> _Data shown_
================
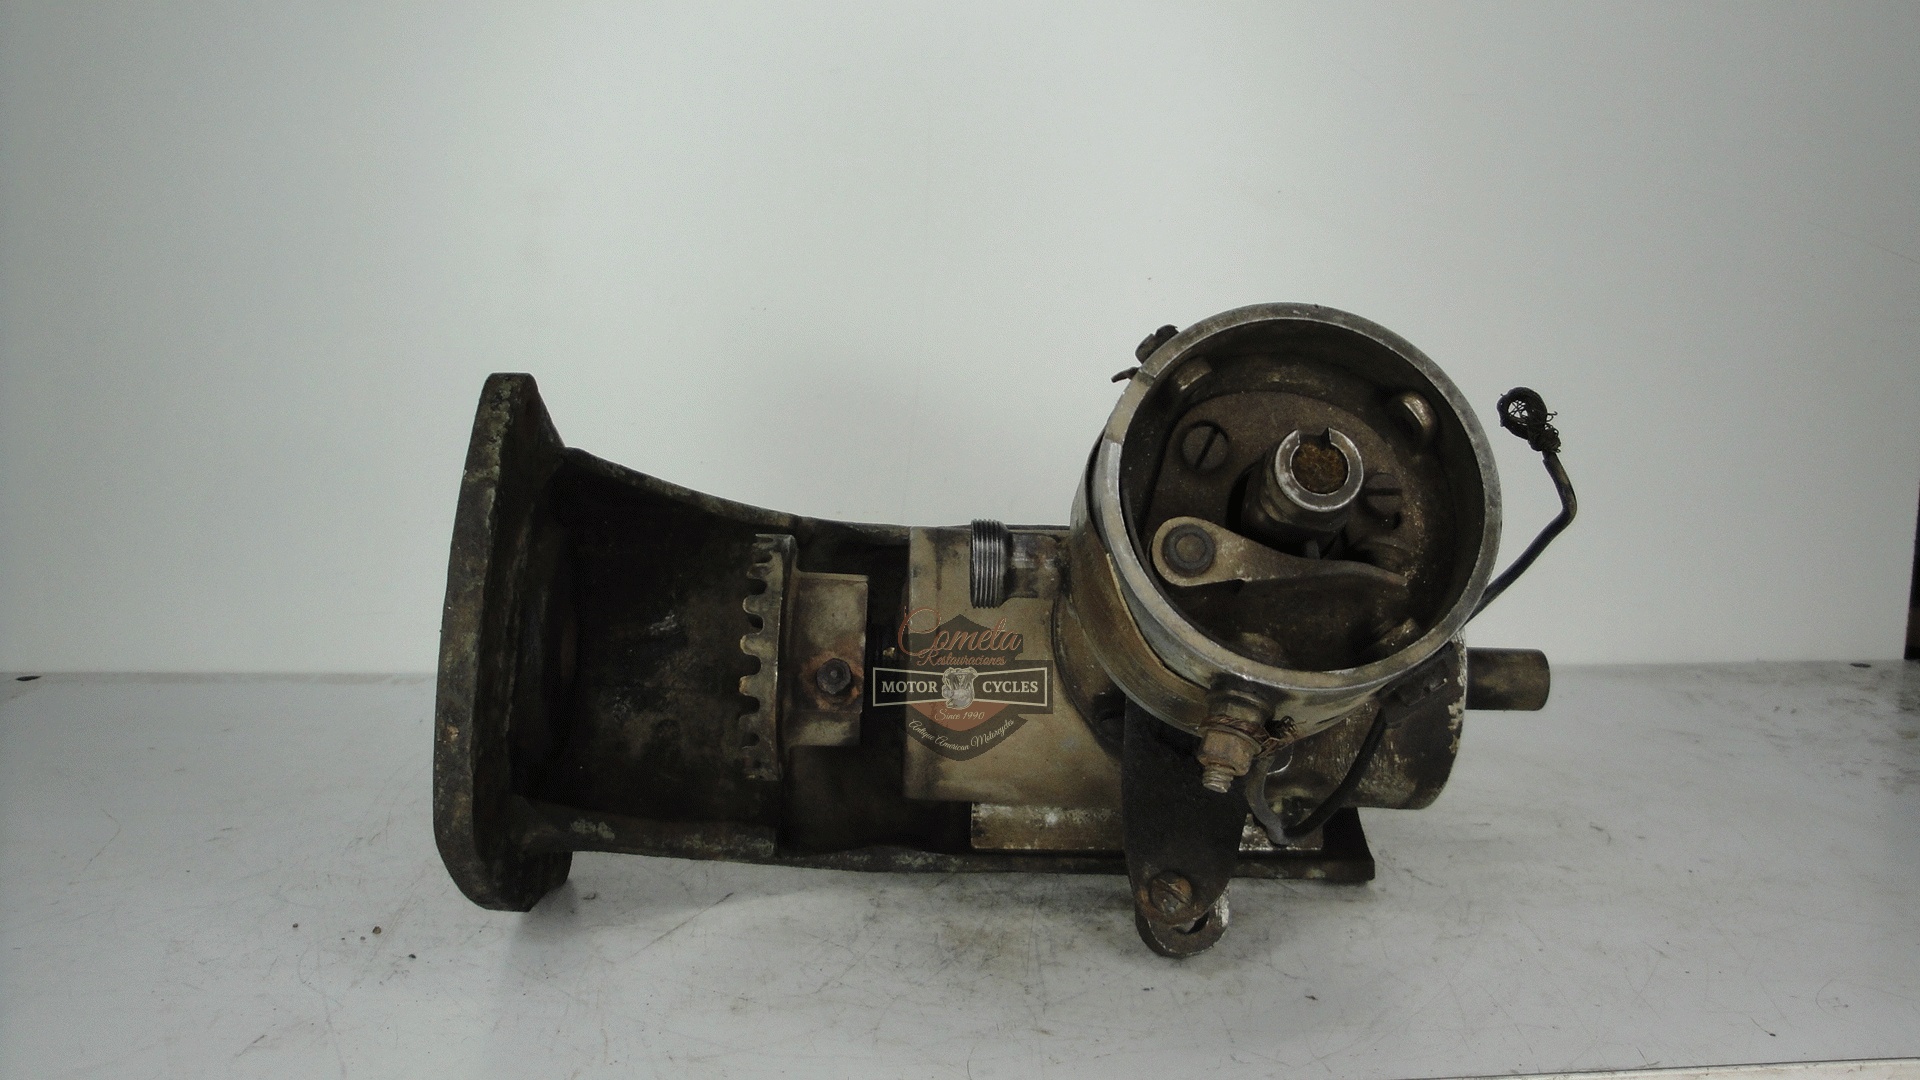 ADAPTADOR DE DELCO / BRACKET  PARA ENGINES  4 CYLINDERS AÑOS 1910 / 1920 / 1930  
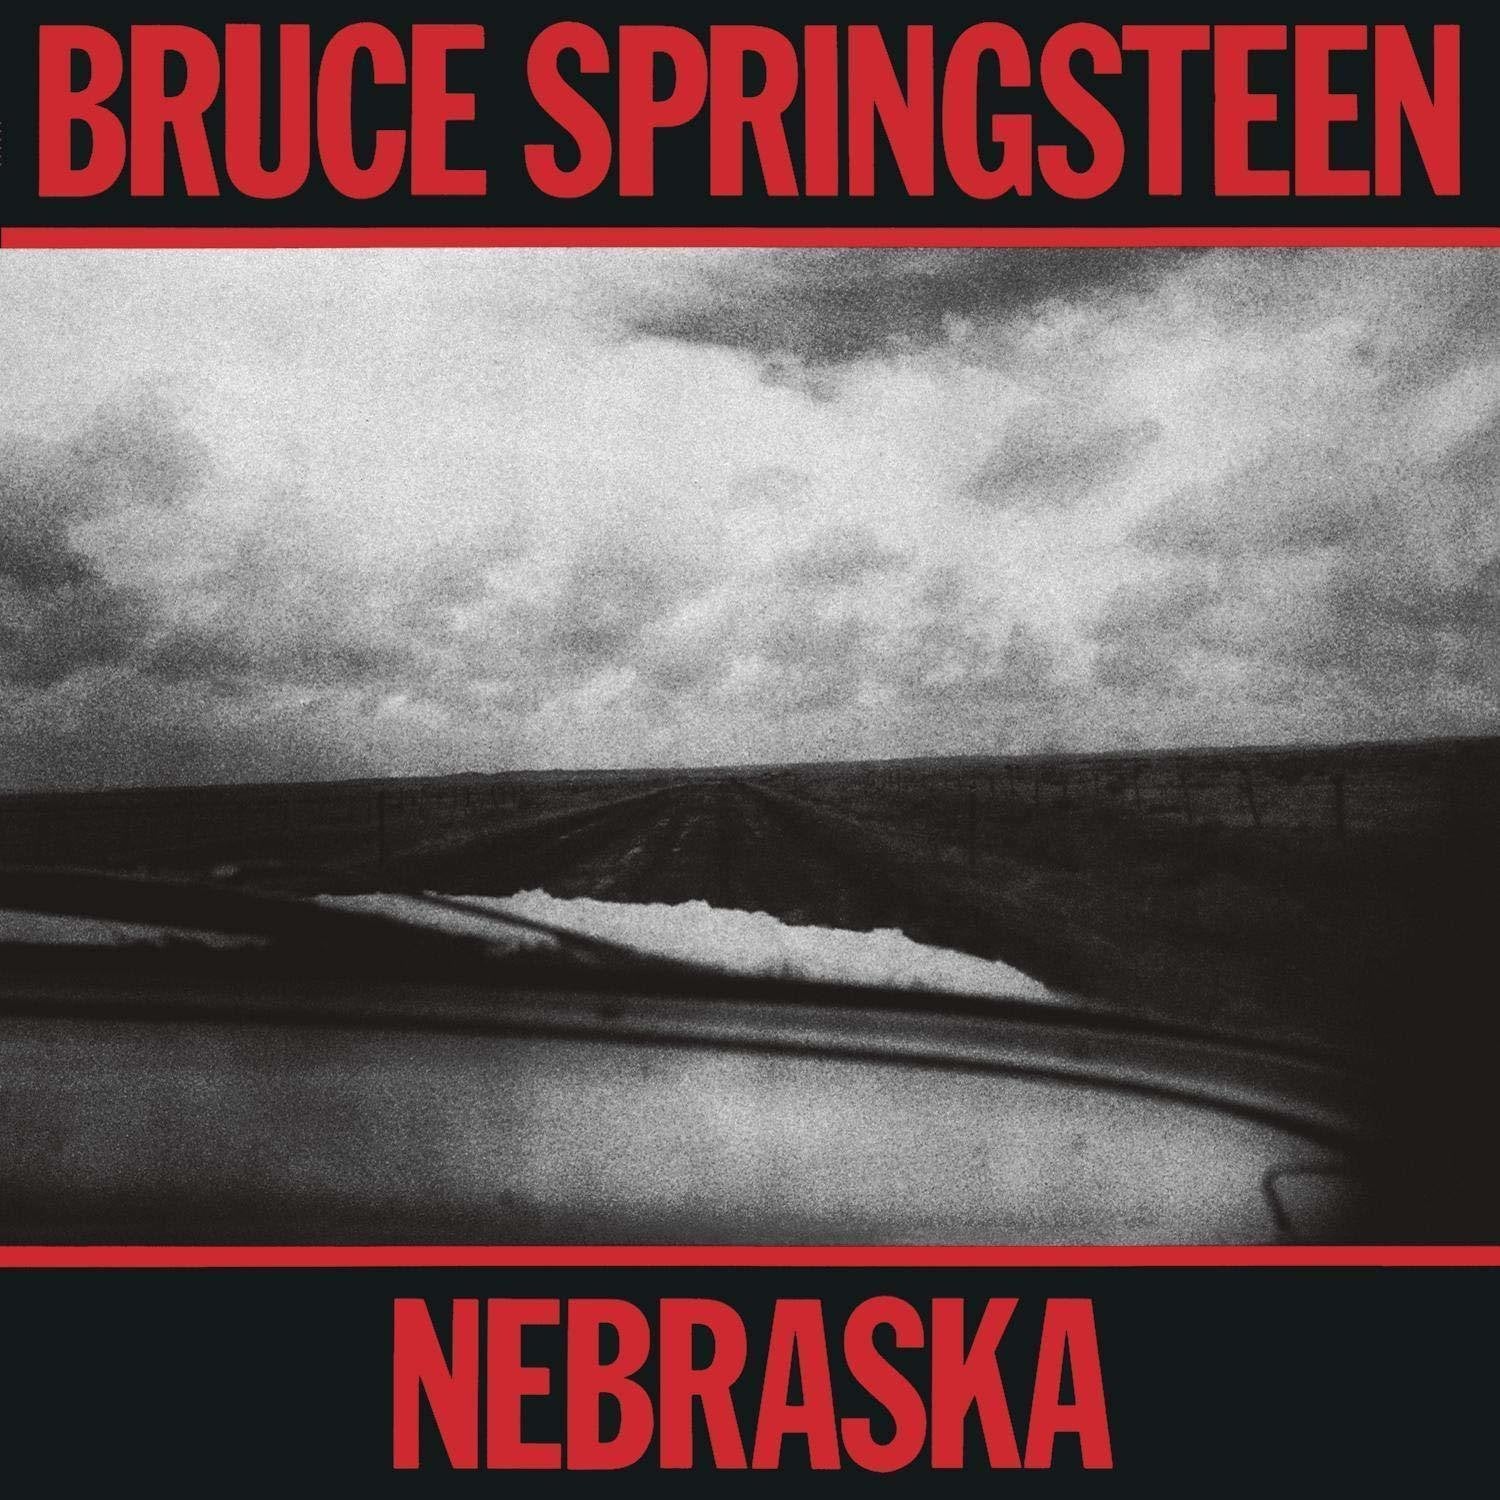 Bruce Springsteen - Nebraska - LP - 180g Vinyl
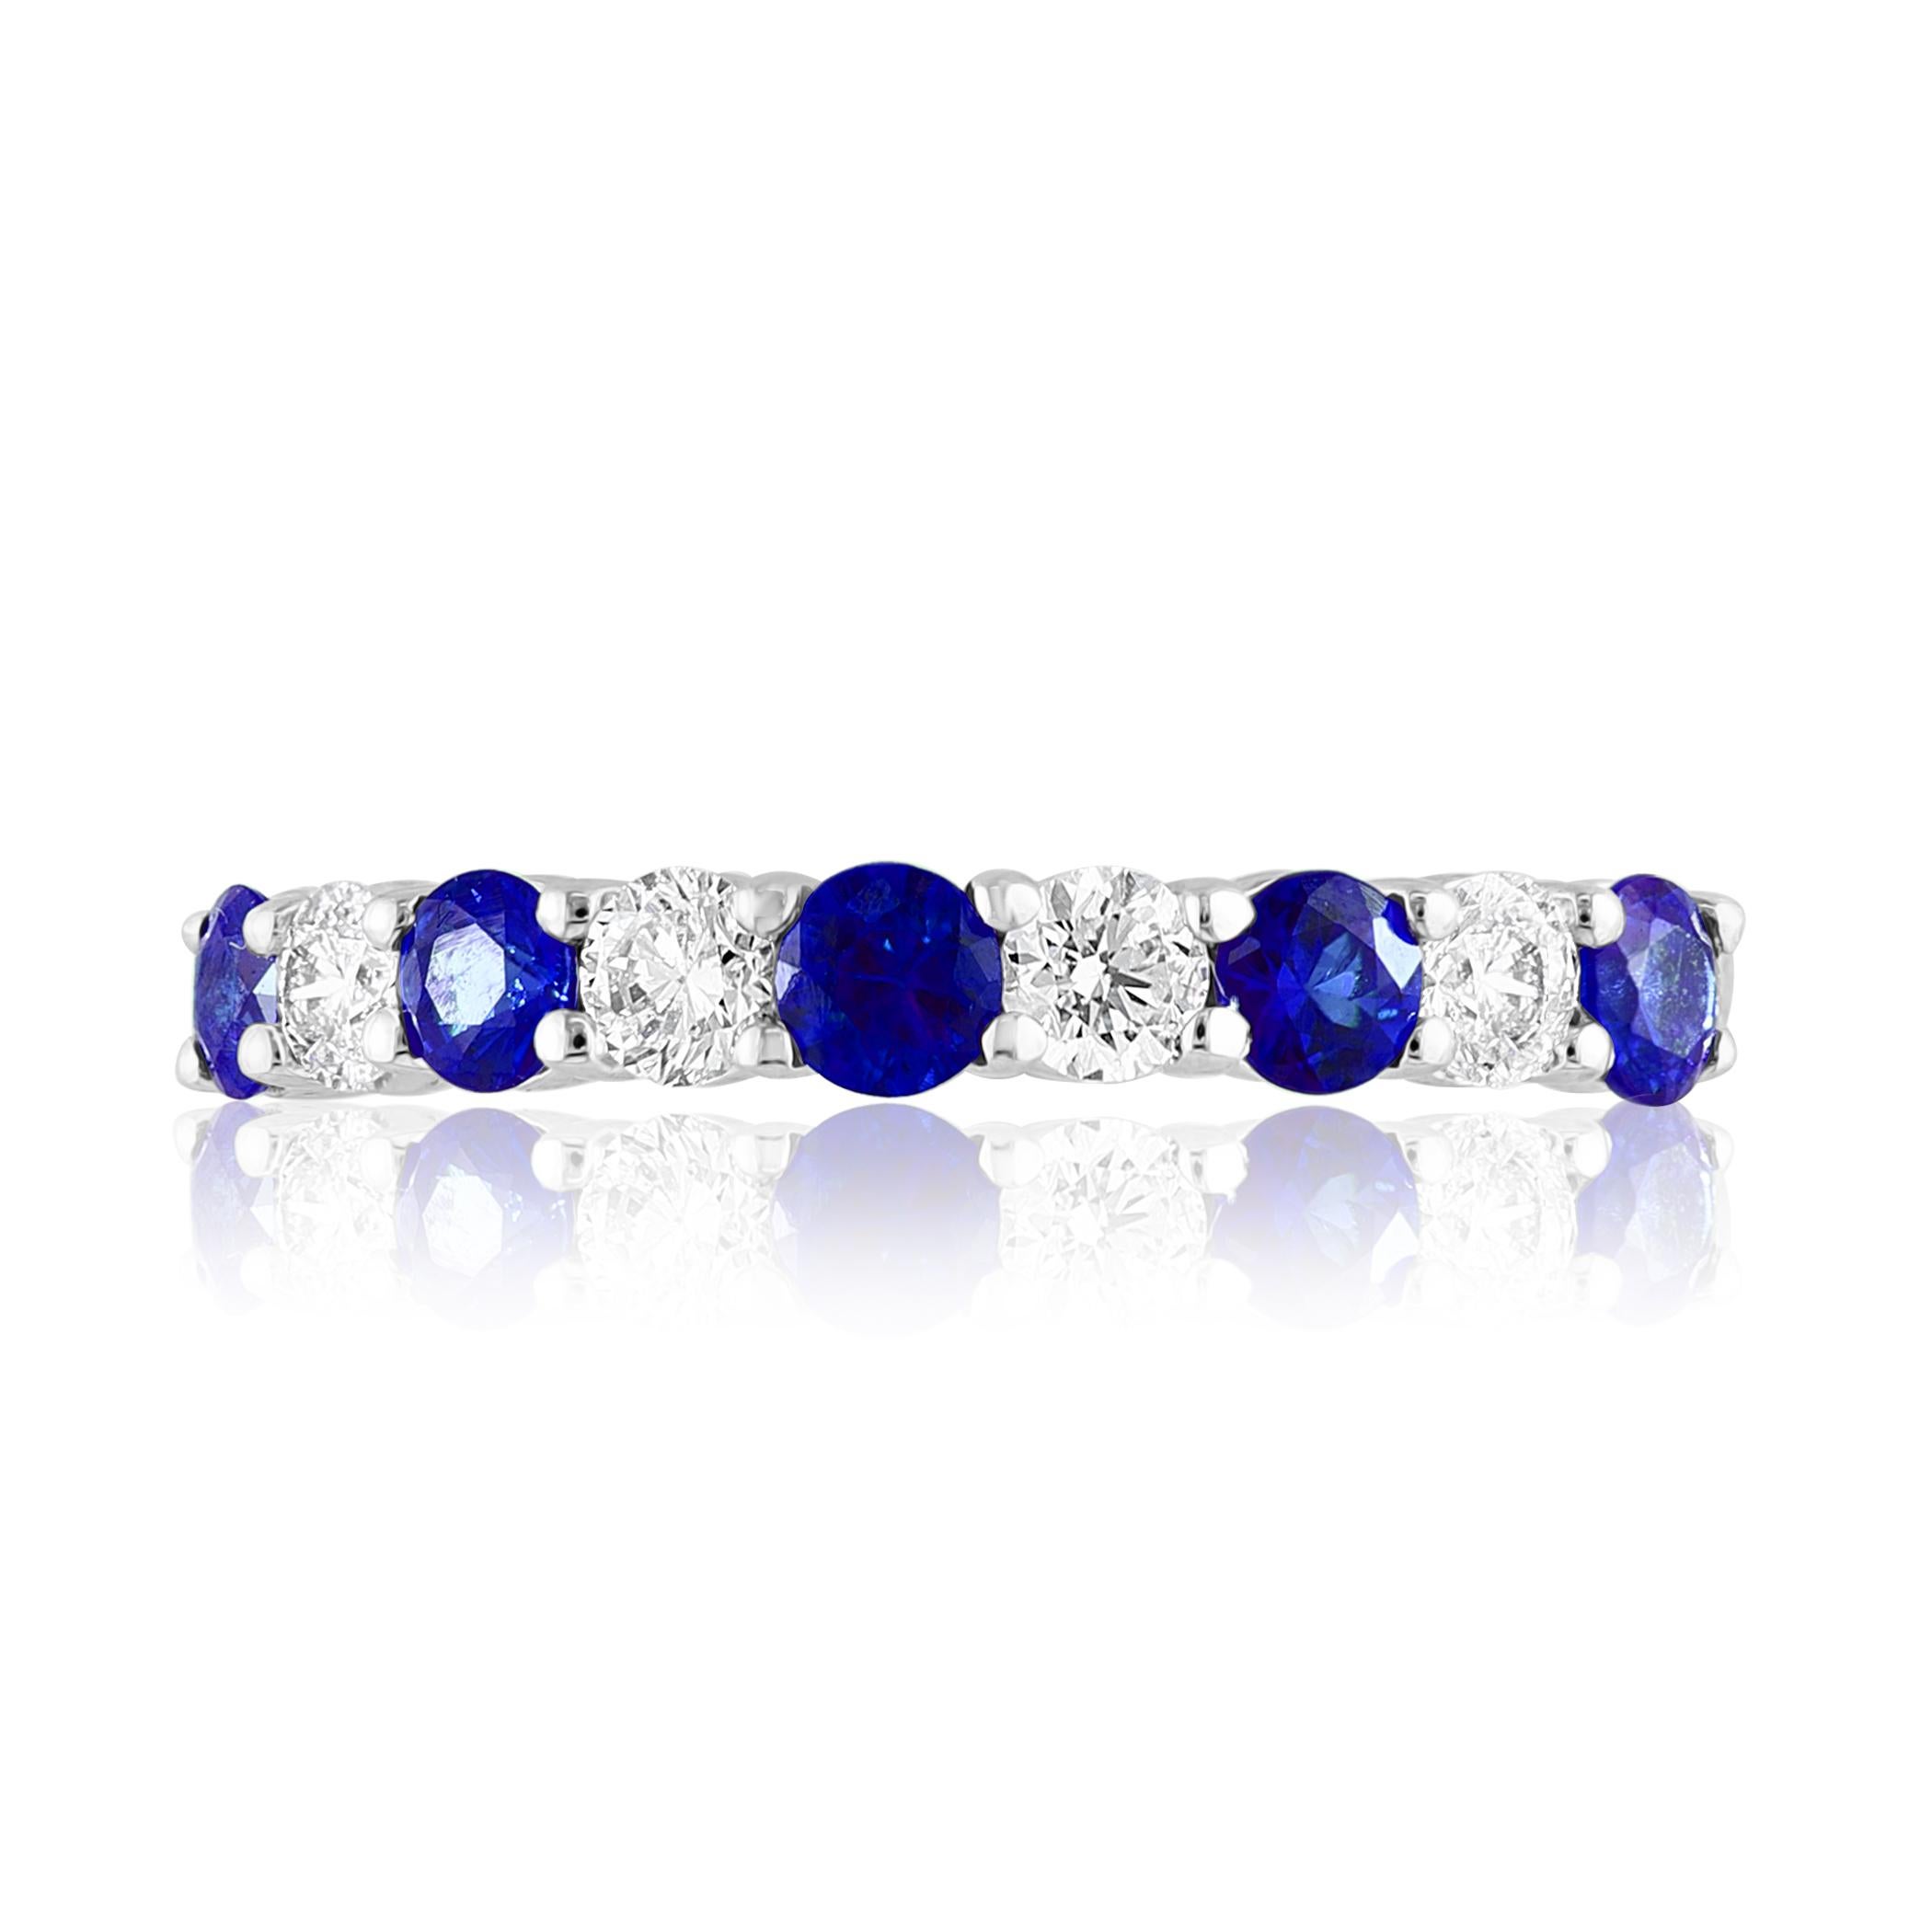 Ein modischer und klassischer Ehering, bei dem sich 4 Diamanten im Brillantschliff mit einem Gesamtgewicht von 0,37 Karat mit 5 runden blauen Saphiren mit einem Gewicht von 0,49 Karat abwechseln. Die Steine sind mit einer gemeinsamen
================
Would you output the full listing exactly as it stands, minus the images?

 ADAPTADOR DE DELCO / BRACKET  PARA ENGINES  4 CYLINDERS AÑOS 1910 / 1920 / 1930  
 Bruce Springsteen - Nebraska - LP - 180g Vinyl
 Ein modischer und klassischer Ehering, bei dem sich 4 Diamanten im Brillantschliff mit einem Gesamtgewicht von 0,37 Karat mit 5 runden blauen Saphiren mit einem Gewicht von 0,49 Karat abwechseln. Die Steine sind mit einer gemeinsamen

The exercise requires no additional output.